The plot? Florida nobody Arielle (Bella Thorne) dreams of fame and is obsessed with building followers on social media. She makes the acquaintance of sexy bad boy Dean (Jake Manley), an ex-con on probation living with his abusive father. After a tragically lethal series of unfortunate events, the pair go on the run from authorities clueless as to how they’ll extricate themselves from this predicament and, with zero funds to survive on, resort to holding up pot shops in order get a decent bankroll that might help facilitate their escape to Mexico.
A few things happen along the way, not the least of which is Arielle secretly recording their first robbery on her cellphone, uploading the footage to various social media outlets. There’s also a police shooting, the kidnapping of a quiet college student (nicely played by Amber Riley) and a highspeed car chase that ends in a firestorm of automatic weapons fire. It all builds to an impromptu bank heist far above and beyond anything the pair have attempted up to that point, the young lovers going for one last big score before they cross the border and attempt to leave this life of crime in the dust.
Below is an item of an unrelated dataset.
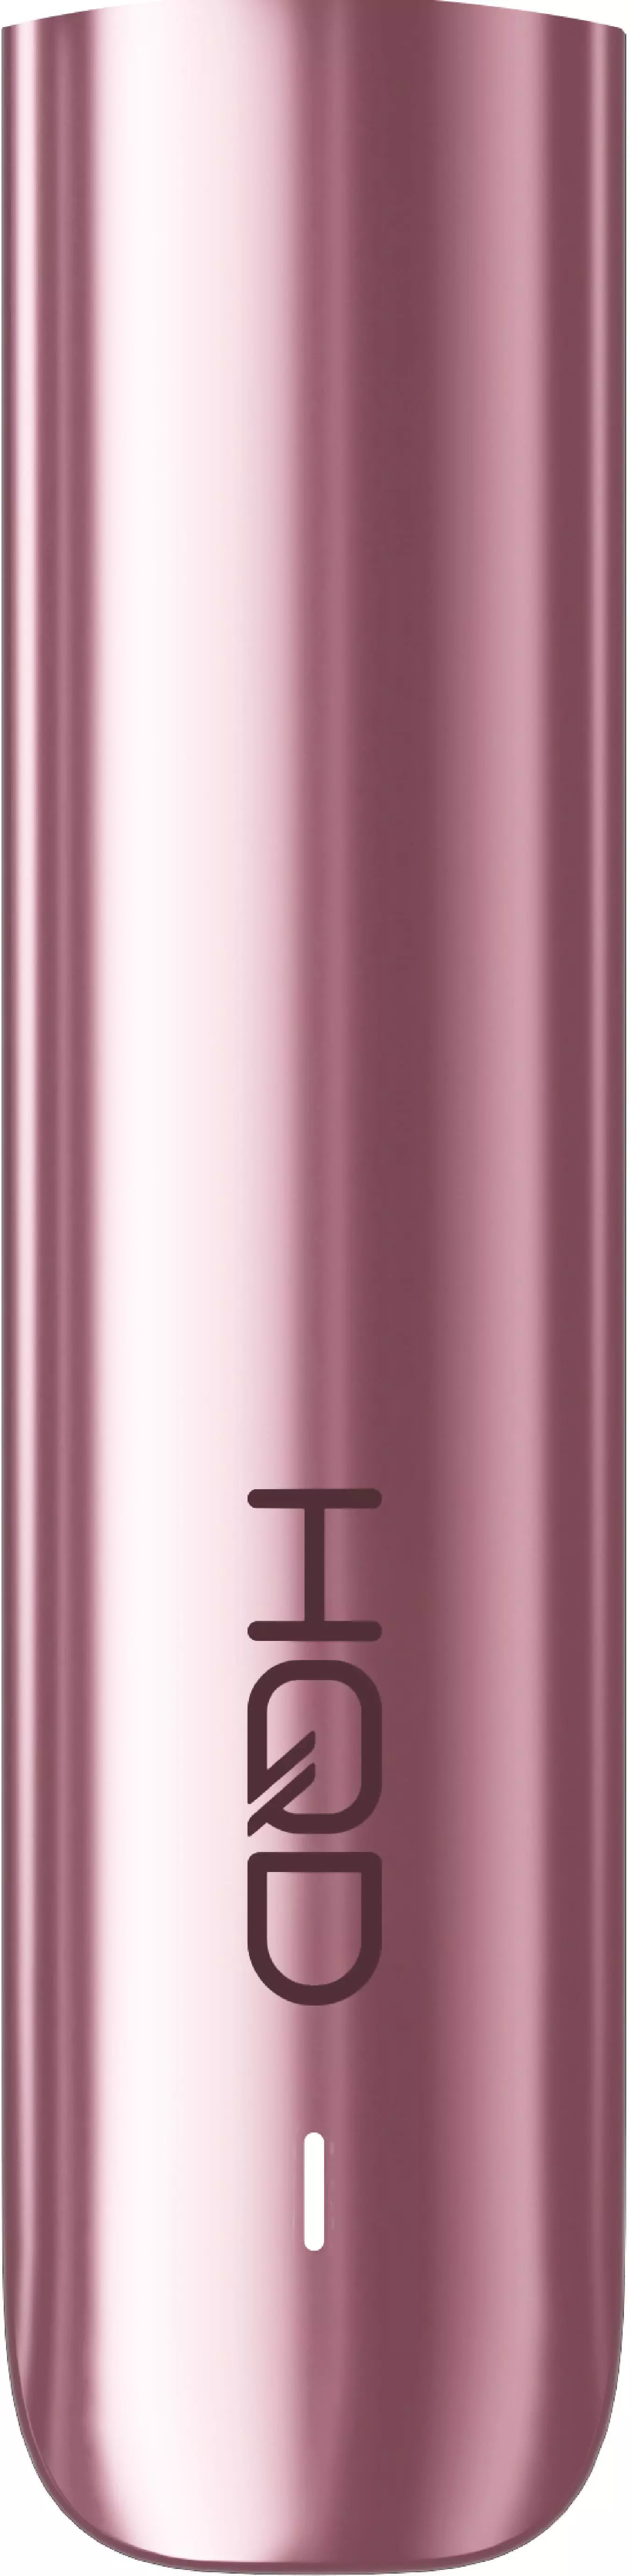 HQD Cirak Device Pink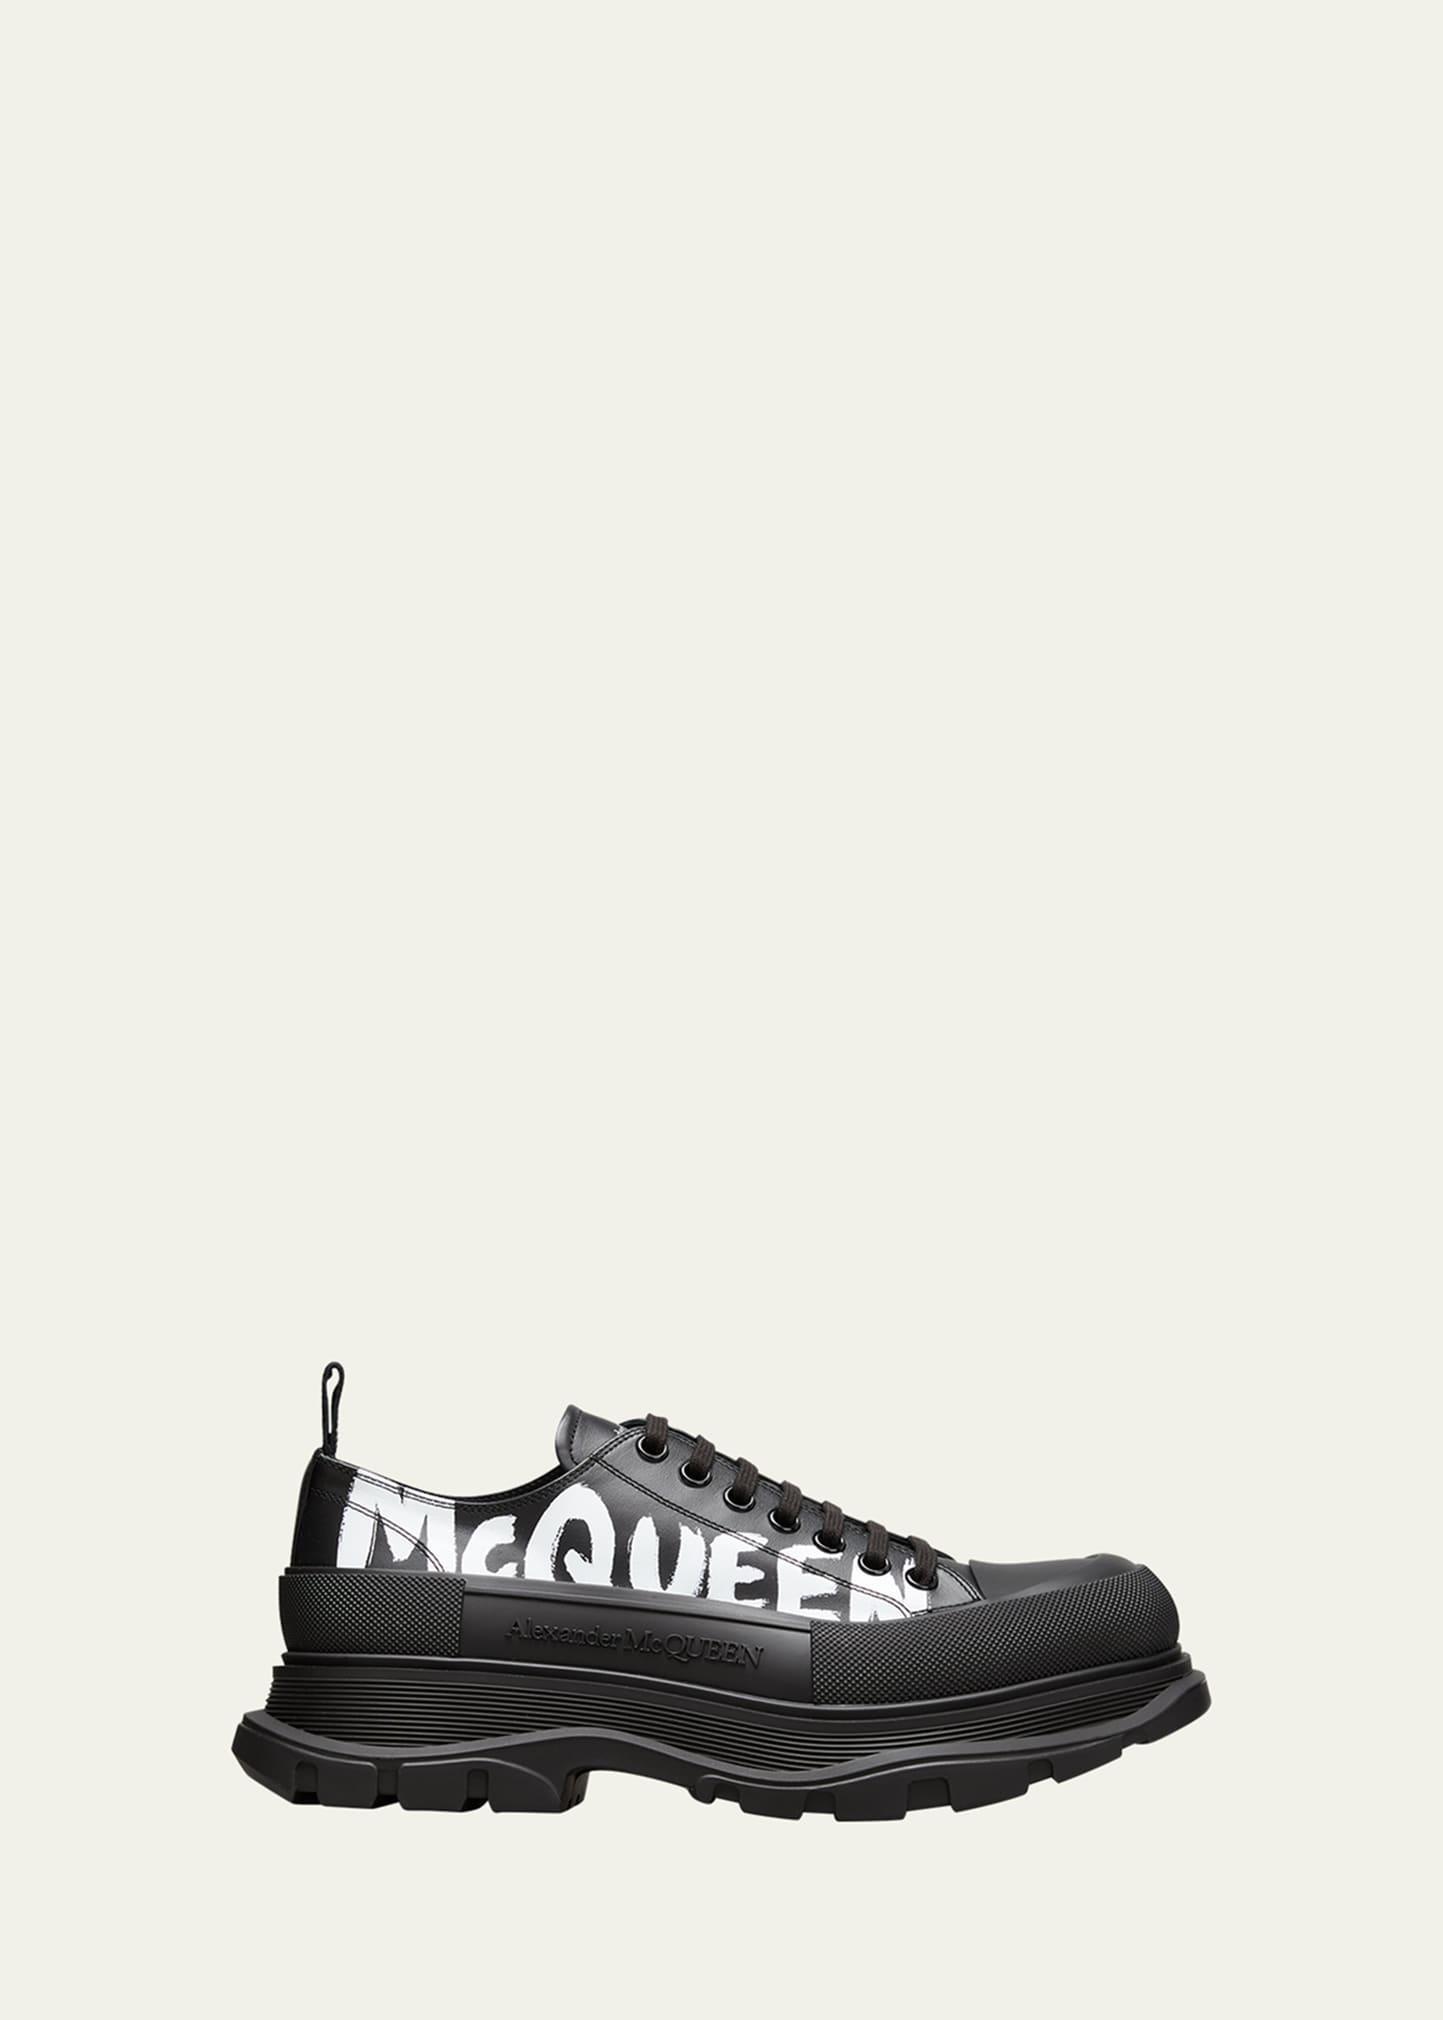 Alexander McQueen Tread Slick Graffiti Low Top Sneaker Product Image

Arielle is as annoying, selfish and as unsavory a main character as any I’ve had to endure following around for 100 minutes or so for quite some time. While Thorne laudably doesn’t try to soften her edges, that doesn’t mean I was impressed. While I get that Caldwell is trying to dissect youth culture’s obsession with fame and the sinister seductiveness of social media stardom, Arielle’s vapidity is white privilege personified. She is a constant headache, and being around her for even a minute is 60 seconds too long as far as I am concerned.
Manley fairs a little better, but that’s only because Dean gets more interesting as things go along. He immediately grasps the inherent danger of allowing Arielle to film their escapades and post as entertainment for their growing avalanche of followers, and his distaste over her actions is certainly understandable. Manley ends up finding a few intriguing layers to his character that didn’t necessarily appear to be there when he was introduced, and as such his performance grew on me even if the story he was a central part of rarely did the same.
There’s plenty more I could say, almost none of it good. In the end, though, I’d kind of like imagine that an ineptly plotted and thematically unfocused film like Infamous will be the last of a dying breed. It’s a mediocre movie that deserves to fade into oblivion as if it never existed in the first place, the fewer followers it ends up having the more likely that outcome is going to be.